JUAN CARLOS ASTELLO, Defendant-Appellant. ________________________________________________________________
Appeal from the Iowa District Court for Kossuth County, Don E. Courtney,
Judge.
The defendant appeals his sentences for kidnapping in the first degree
and murder in the second degree. AFFIRMED.
Jack B. Bjornstad of Jack Bjornstad Law Office, Okoboji, for appellant.
Thomas J. Miller, Attorney General, and Sheryl A. Soich, Assistant
Attorney General, for appellee.
Considered by Vaitheswaran, P.J., and Bower and McDonald, JJ. 2
MCDONALD, Judge.
In 1998, Juan Carlos Astello was convicted of kidnapping in the first
degree, in violation of Iowa Code sections 710.1 and 710.2 (1997), and murder in
the second degree, in violation of Iowa Code sections 7078.1 and 707.3. He was
sentenced to life without the possibility of parole for the former offense and fifty
years’ incarceration with an eighty-five-percent mandatory minimum for the
second offense, said sentences to be served concurrent to each other. At the
time of the offenses, Astello was under eighteen years of age. In 2015, Astello
was afforded an individualized sentencing hearing pursuant to the supreme
court’s recently created juvenile sentencing scheme. See State v. Louisell, 865
N.W.2d 590 (Iowa 2015); State v. Seats, 865 N.W.2d 545 (Iowa 2015); State v.
Lyle, 854 N.W.2d 378 (Iowa 2014); State v. Null, 836 N.W.2d 41 (Iowa 2013);
State v. Pearson, 836 N.W.2d 88 (Iowa 2013); State v.
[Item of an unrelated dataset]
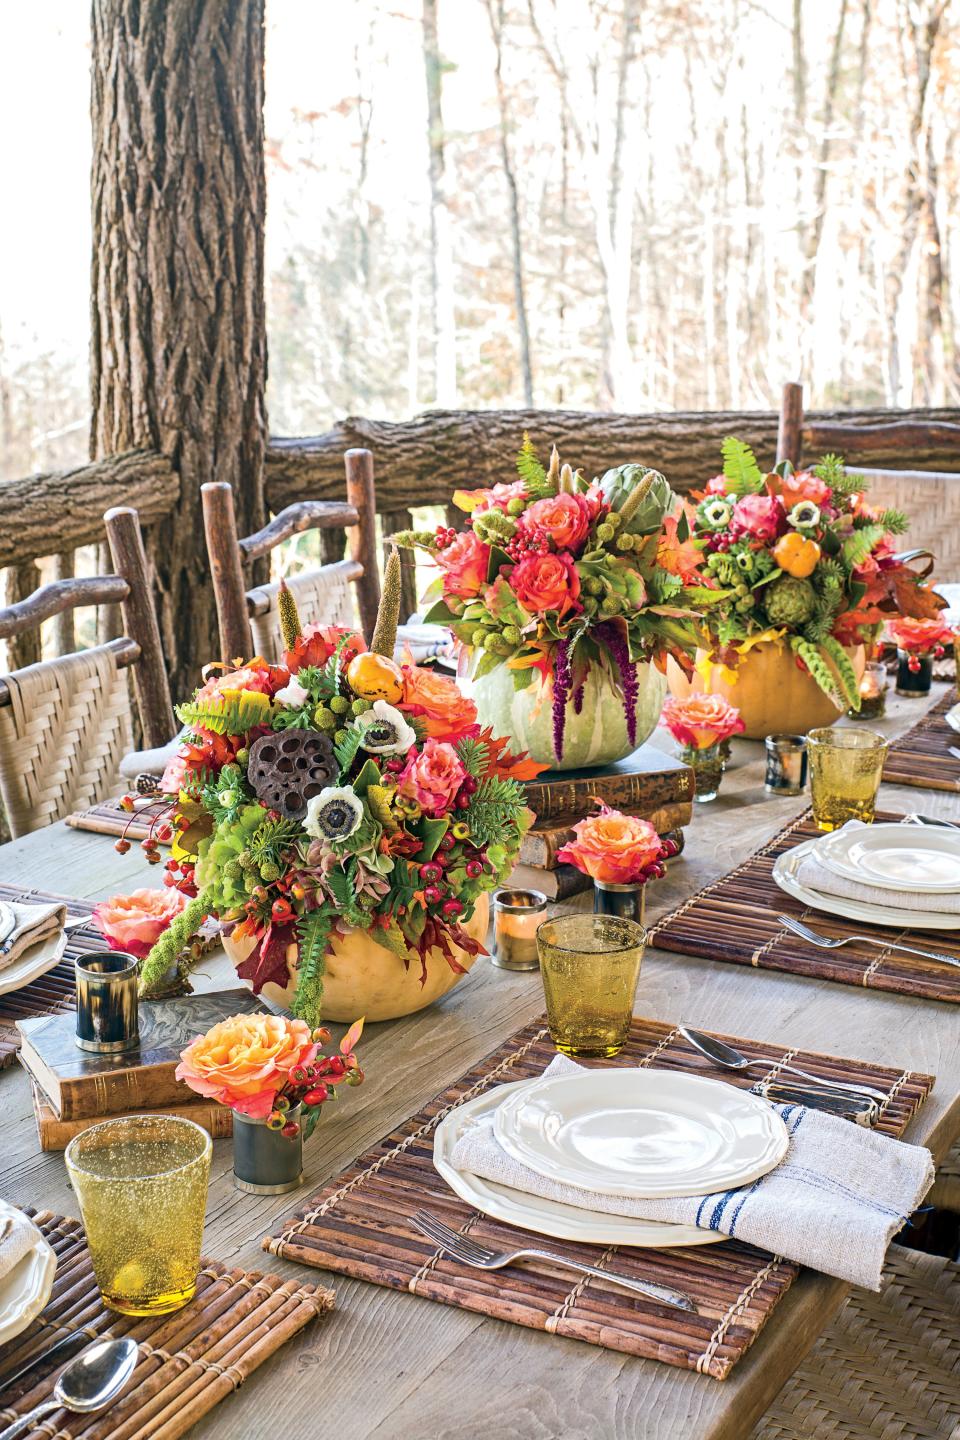 Let Nature Inspire Your Table

Ragland, 836 N.W.2d 107
(Iowa 2013). Following the sentencing hearing, the district court imposed the
minimum sentences available under existing case law, ordering the defendant be
immediately eligible for parole for each of the convictions. Astello raises several
challenges to his sentences.
Astello first contends his sentences should be declared illegal under article
I, section 17 of the Iowa Constitution. He does not explain what the alternative
sentences should be if his request for relief were granted. We decline to hold the
sentences are illegal. Astello has received all of the relief available under the
supreme court’s juvenile sentencing scheme. See Bonilla v. State, 791 N.W.2d
697, 702 (Iowa 2010) (holding sentence of life without parole for non-homicide
offense was unconstitutional as applied to juvenile offender and ordering the 3
defendant immediately be eligible for parole); see also State v. Sweet, ___
N.W.2d ___, ___, 2016 WL 3023726, at *29 (Iowa 2016) (adopting “a categorical
rule that juvenile offenders may not be sentenced to life without the possibility of
parole under article I, section 17 of the Iowa Constitution”). Further, “[a]s a
general rule, the task of materially altering substantive or procedural rights is best
left to the General Assembly or the Supreme Court of Iowa.” Spencer v. Philipp,
No. 13-1887, 2014 WL 4230223, at *2 (Iowa Ct. App. Aug. 27, 2014). We
decline to extend the supreme court’s juvenile sentencing scheme any further.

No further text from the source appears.